Starting with the line that holds "Sandale ALDO roz, 13258813, din", repeat each line through the last one below, exactly. Pictures stay out.
-- Source material follows --
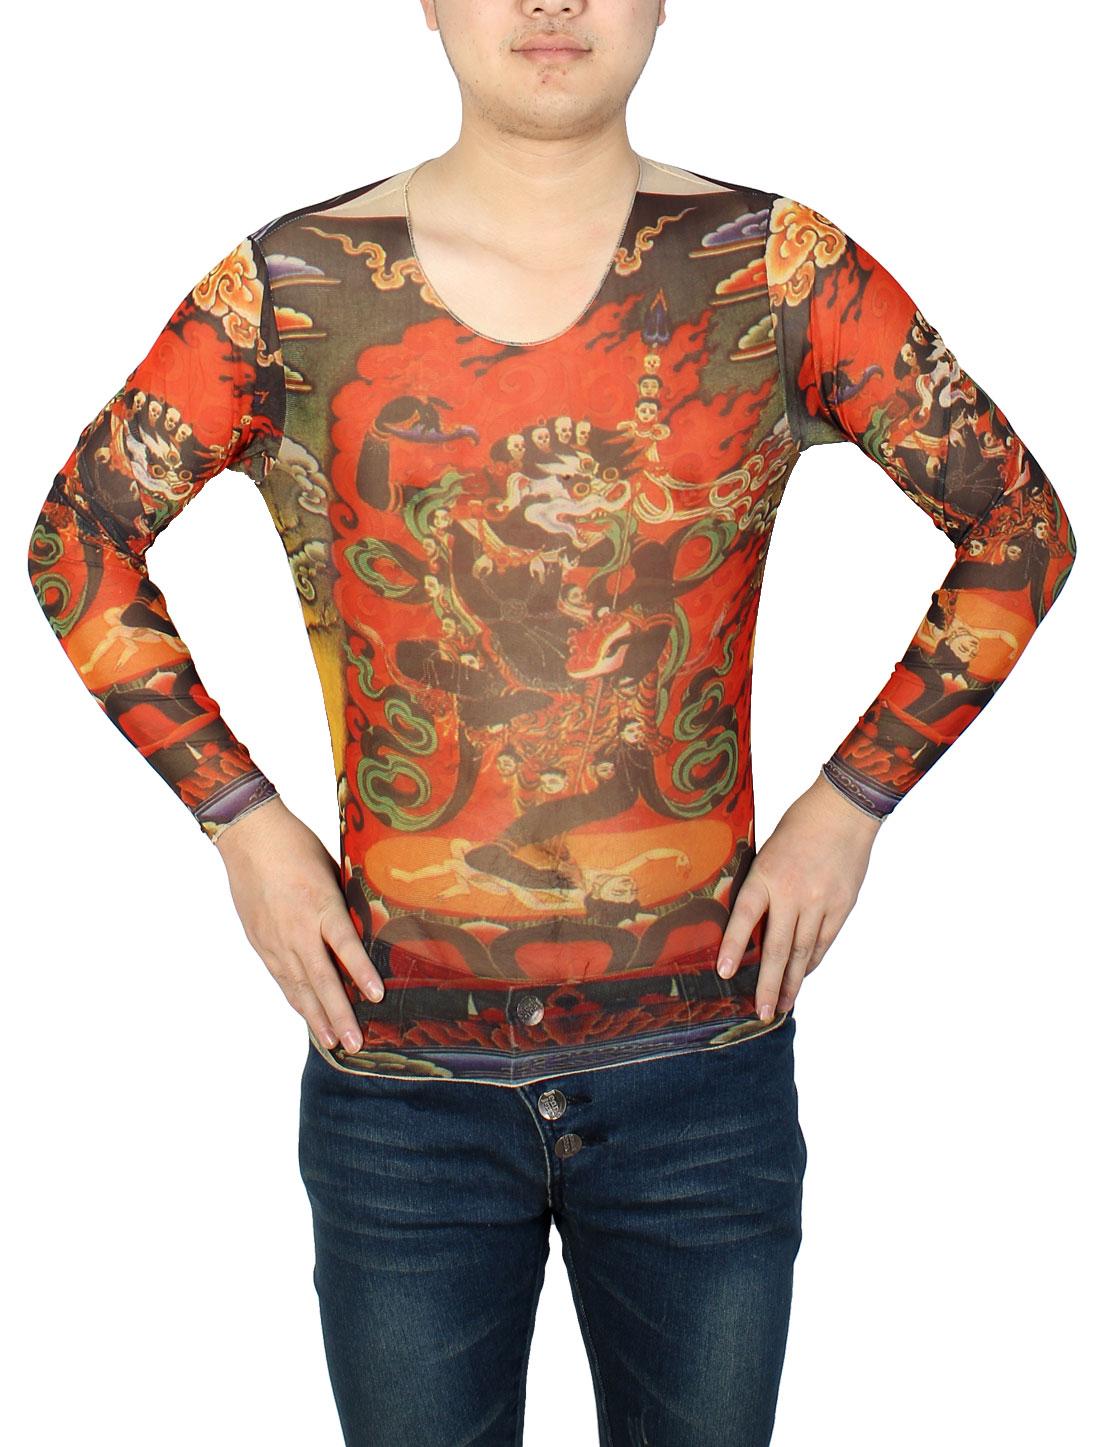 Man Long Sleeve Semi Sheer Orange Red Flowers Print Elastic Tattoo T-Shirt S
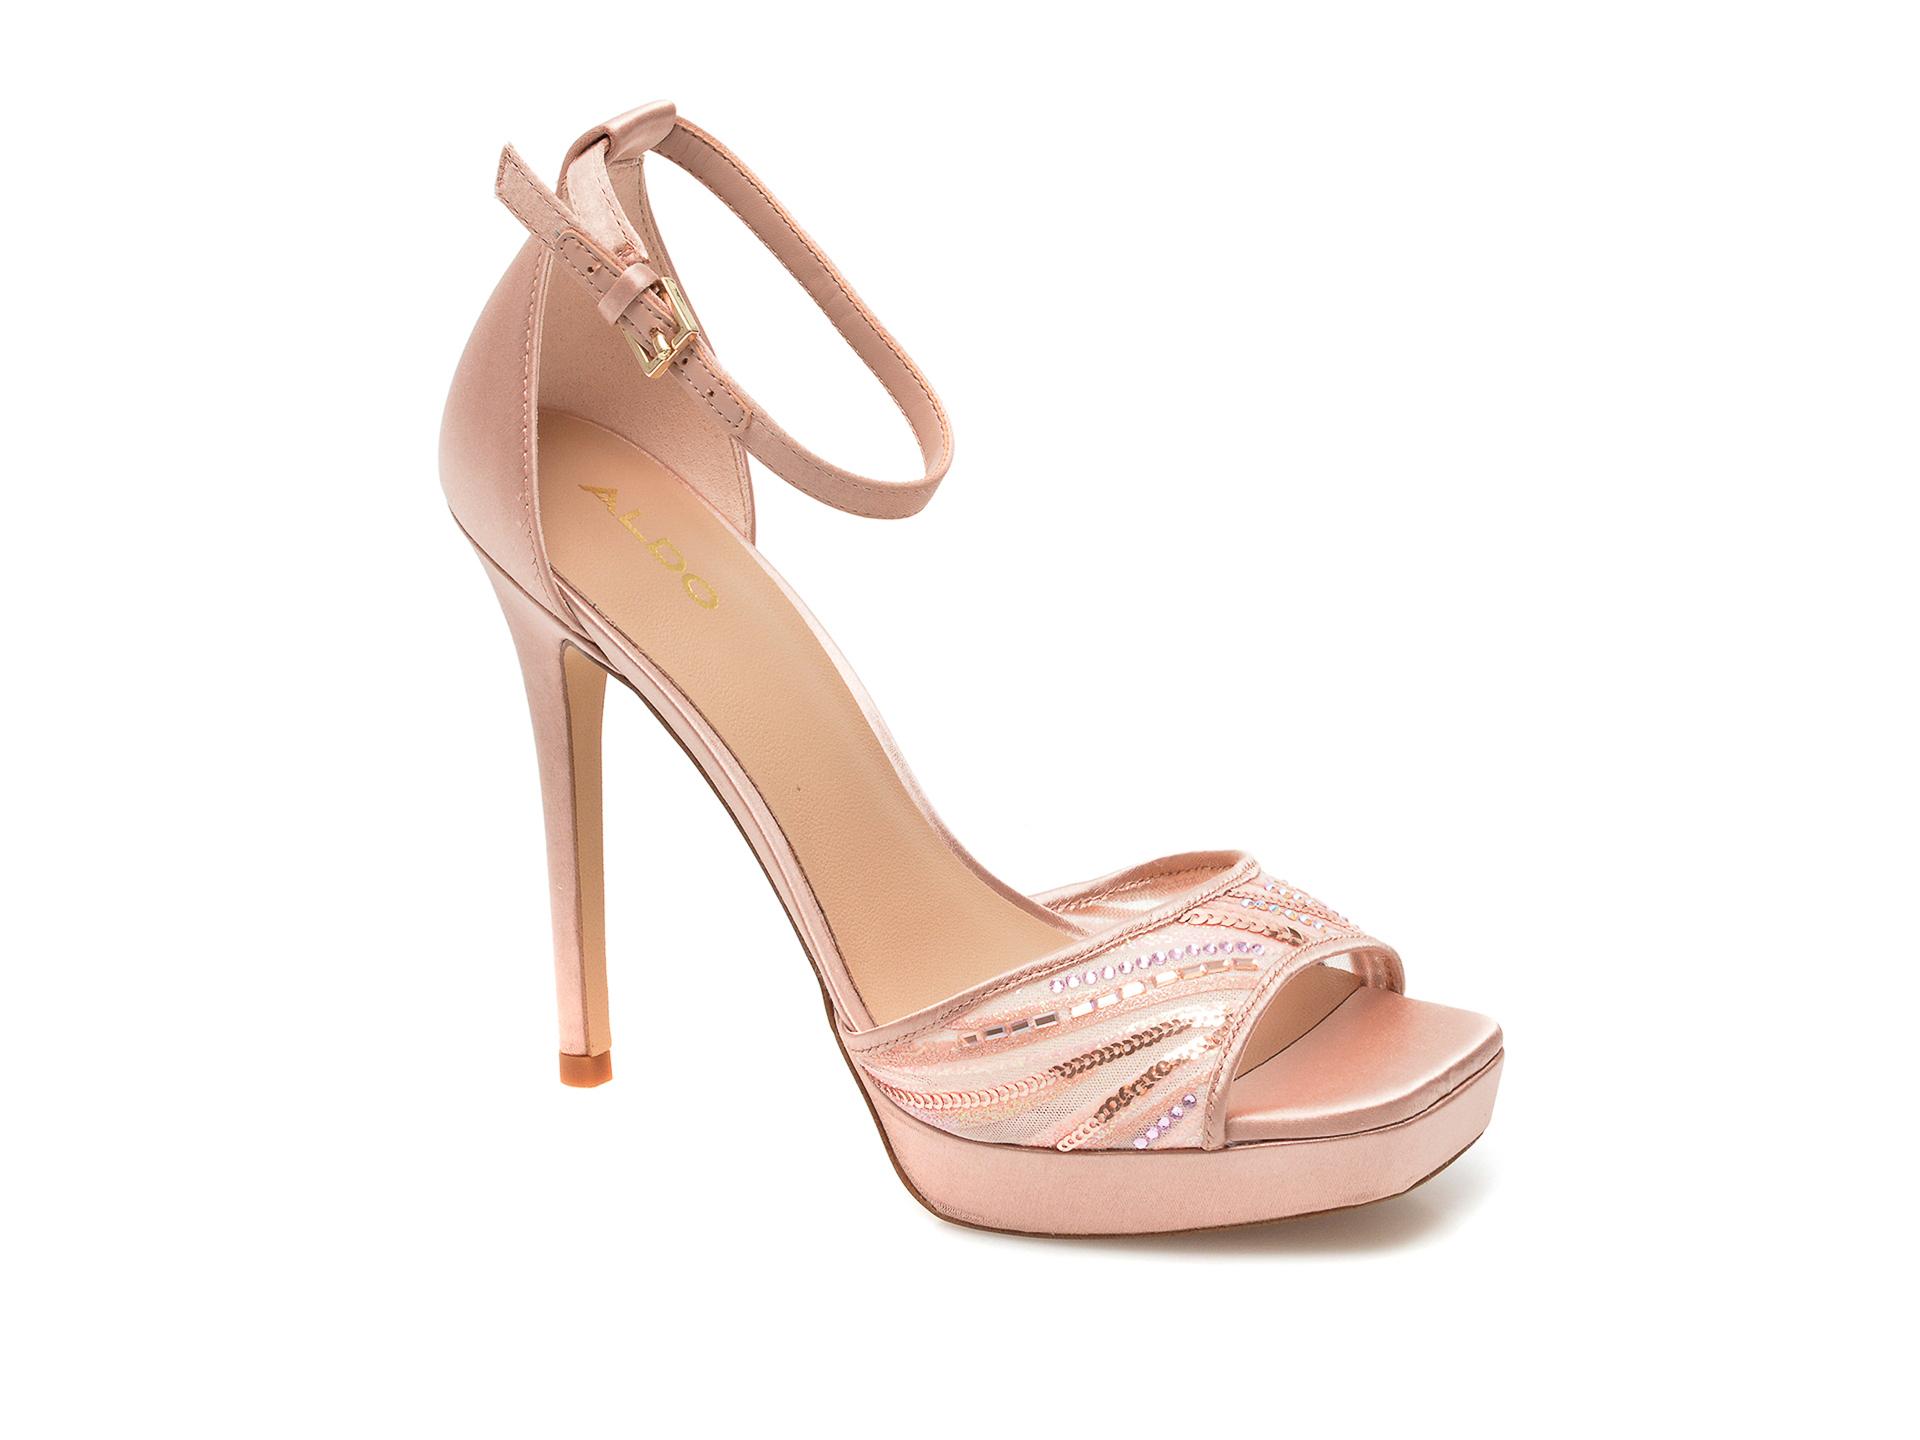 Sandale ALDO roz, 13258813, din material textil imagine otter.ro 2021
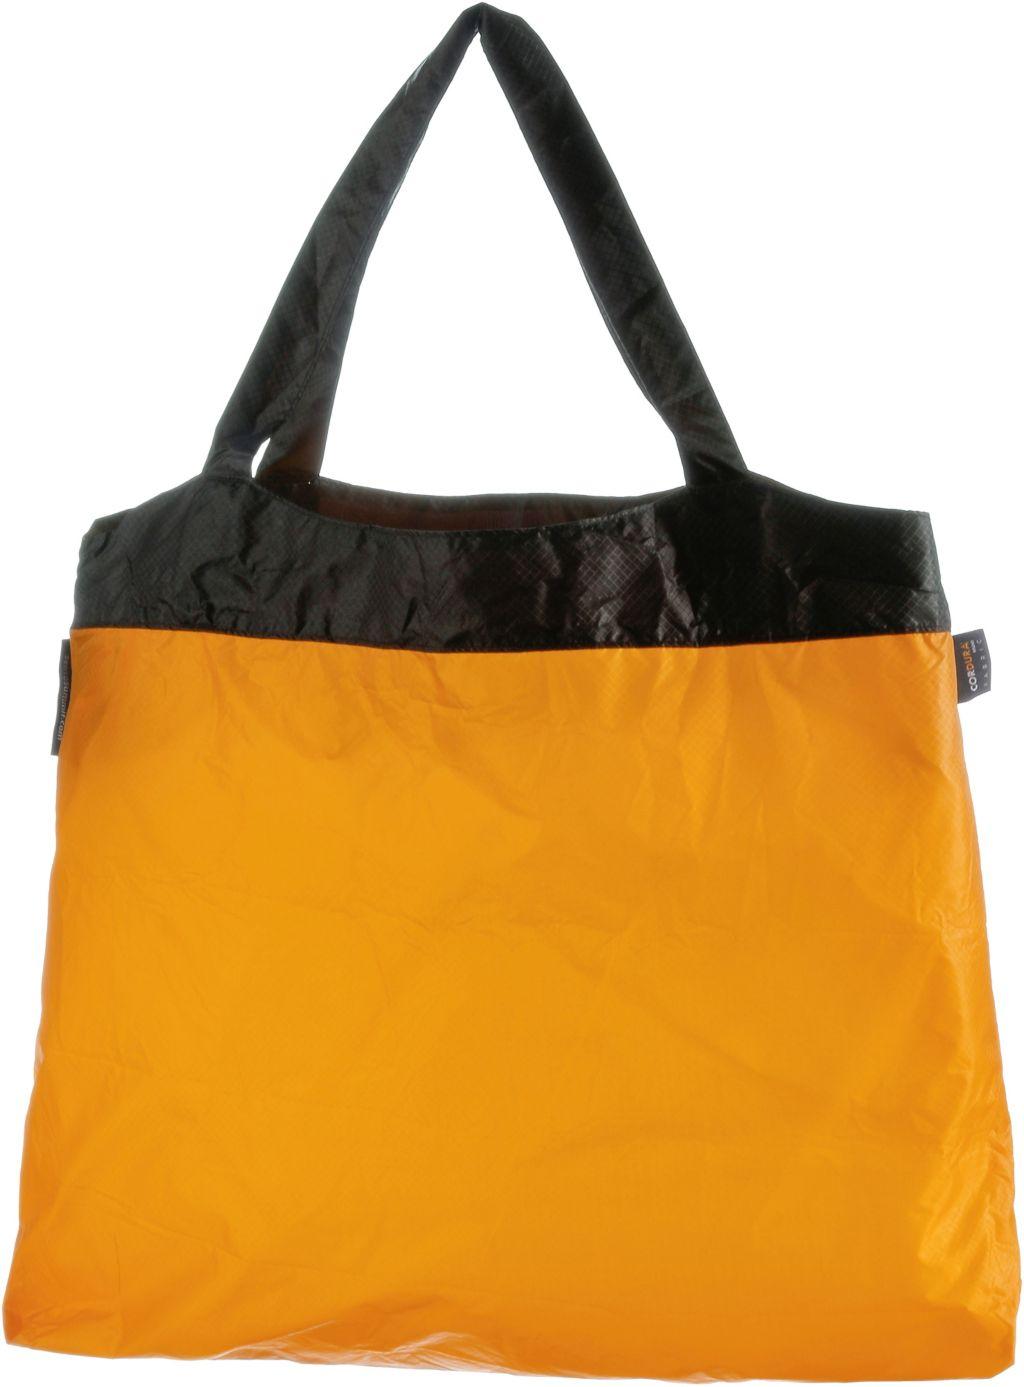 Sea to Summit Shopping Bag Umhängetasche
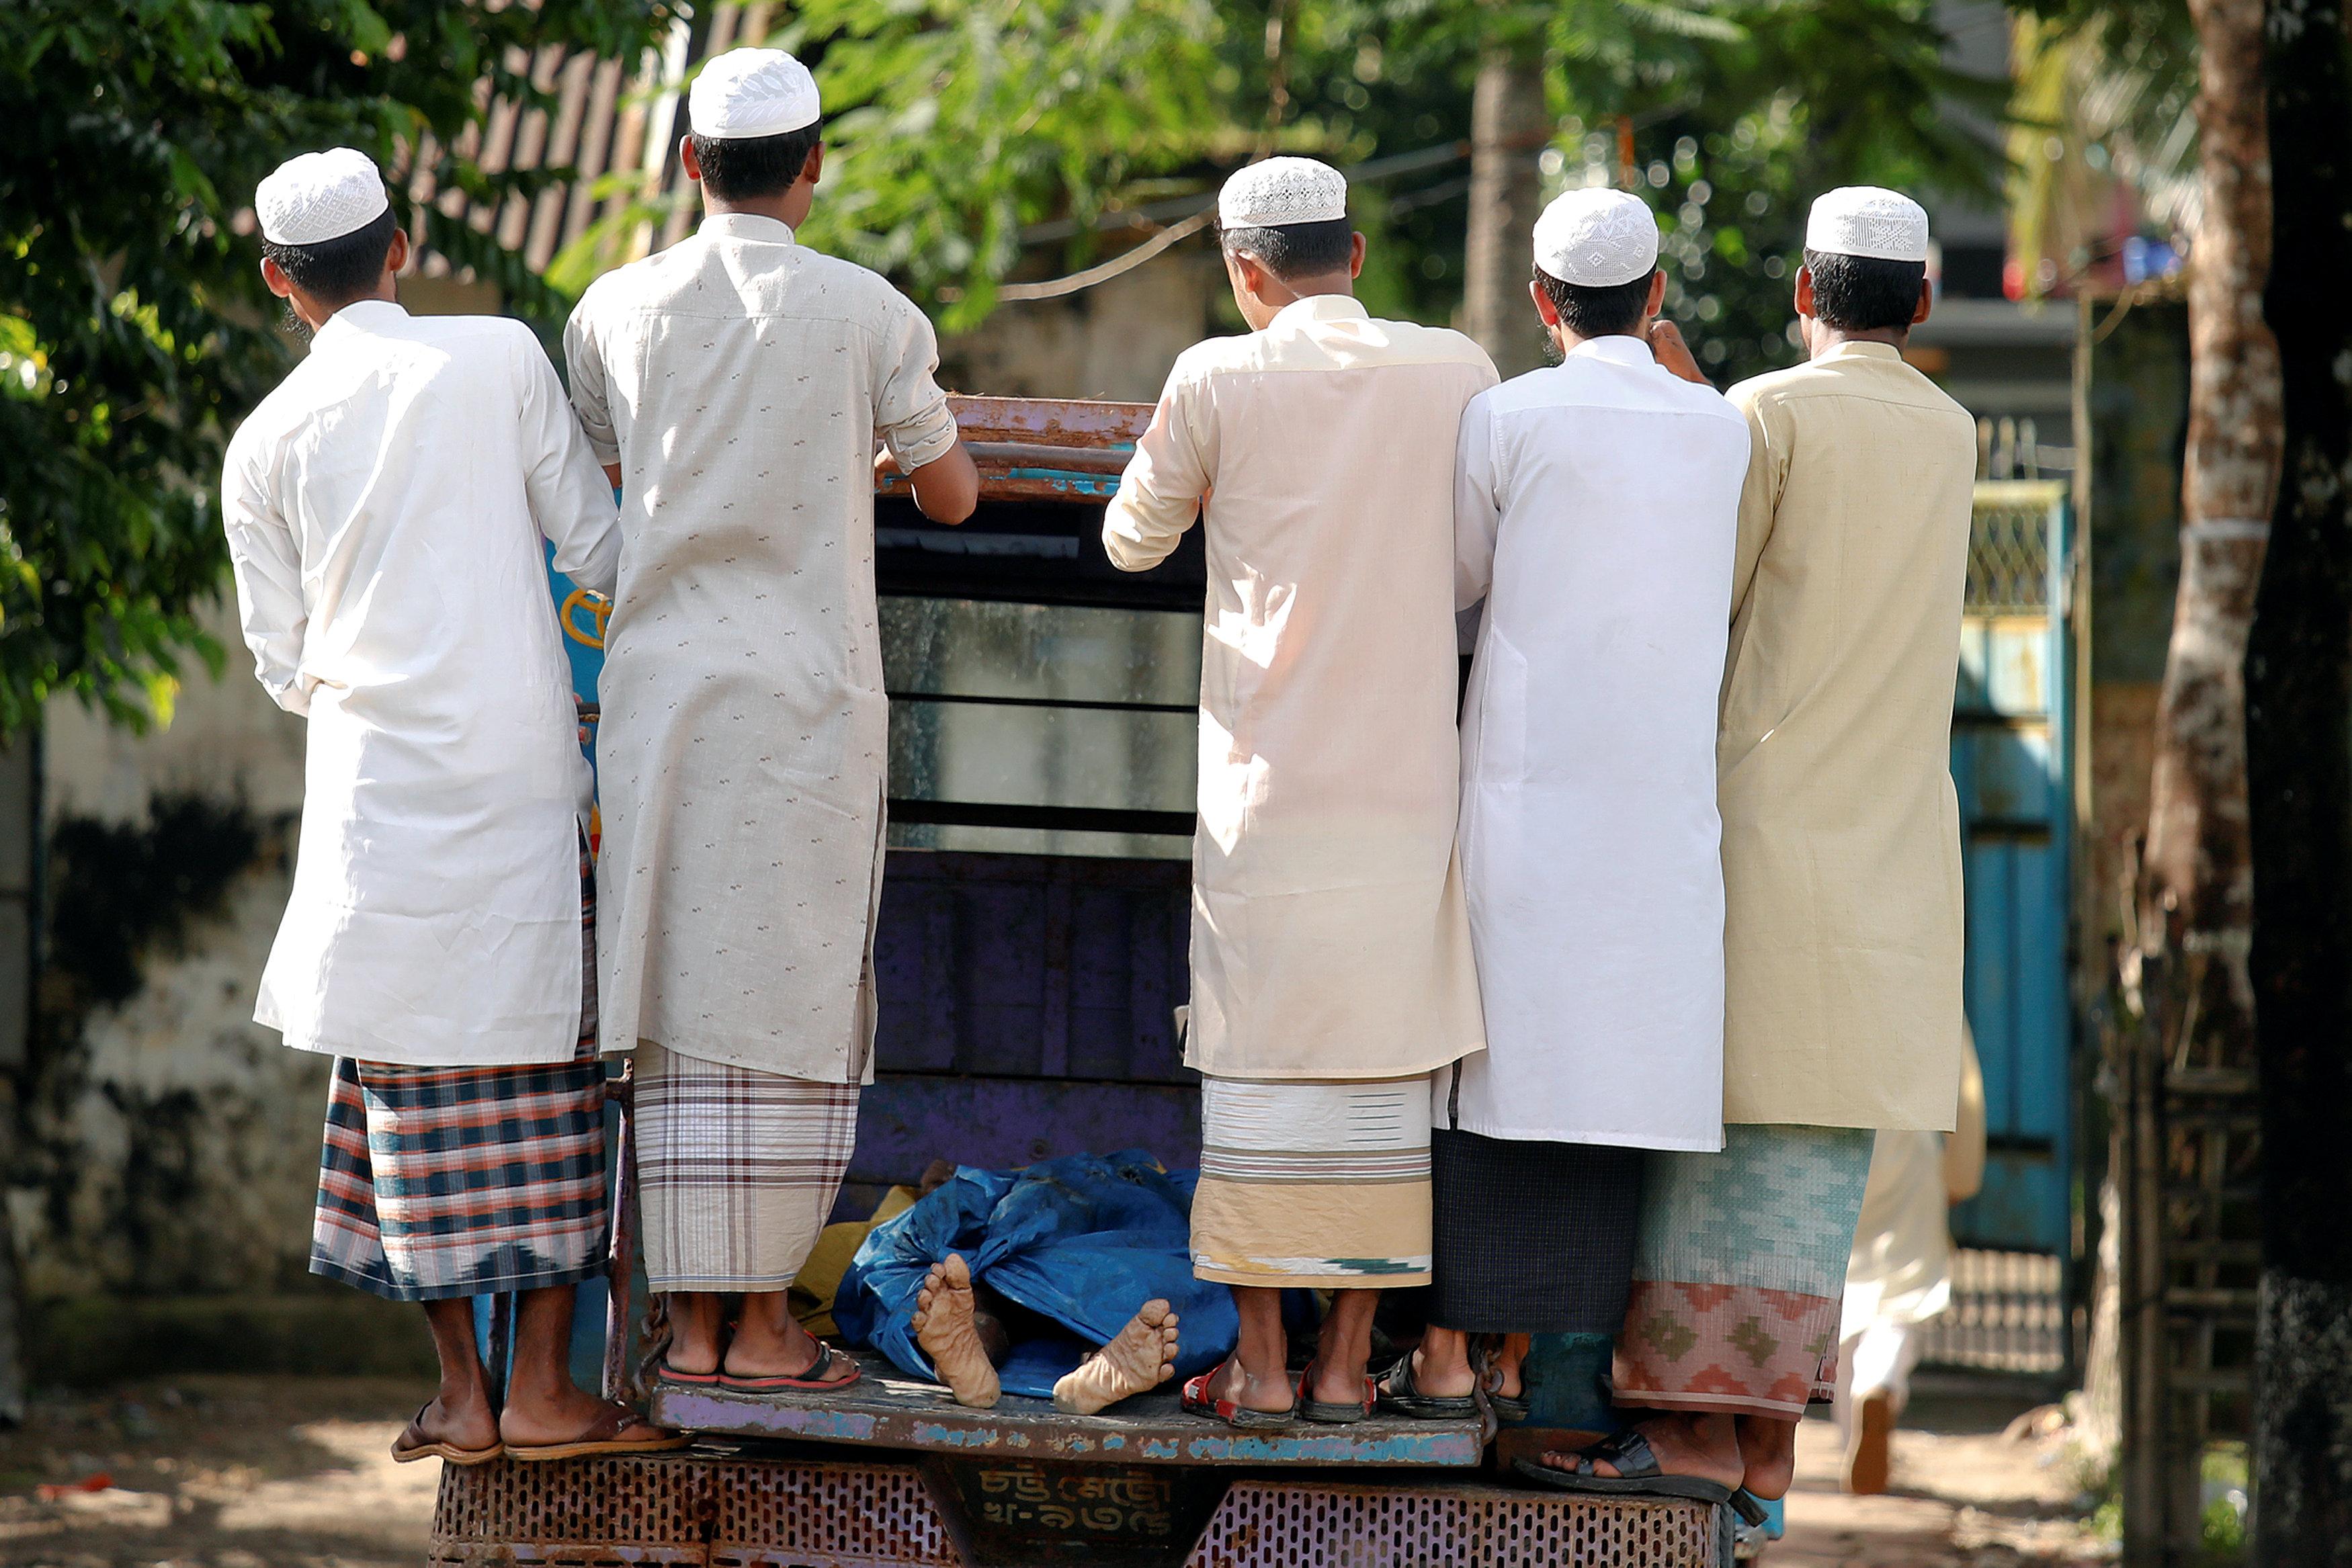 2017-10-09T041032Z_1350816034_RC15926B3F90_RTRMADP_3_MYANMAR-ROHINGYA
-- Source material concluded --
**Your solution**
 Sandale ALDO roz, 13258813, din material textil imagine otter.ro 2021
 Sea to Summit Shopping Bag Umhängetasche
 2017-10-09T041032Z_1350816034_RC15926B3F90_RTRMADP_3_MYANMAR-ROHINGYA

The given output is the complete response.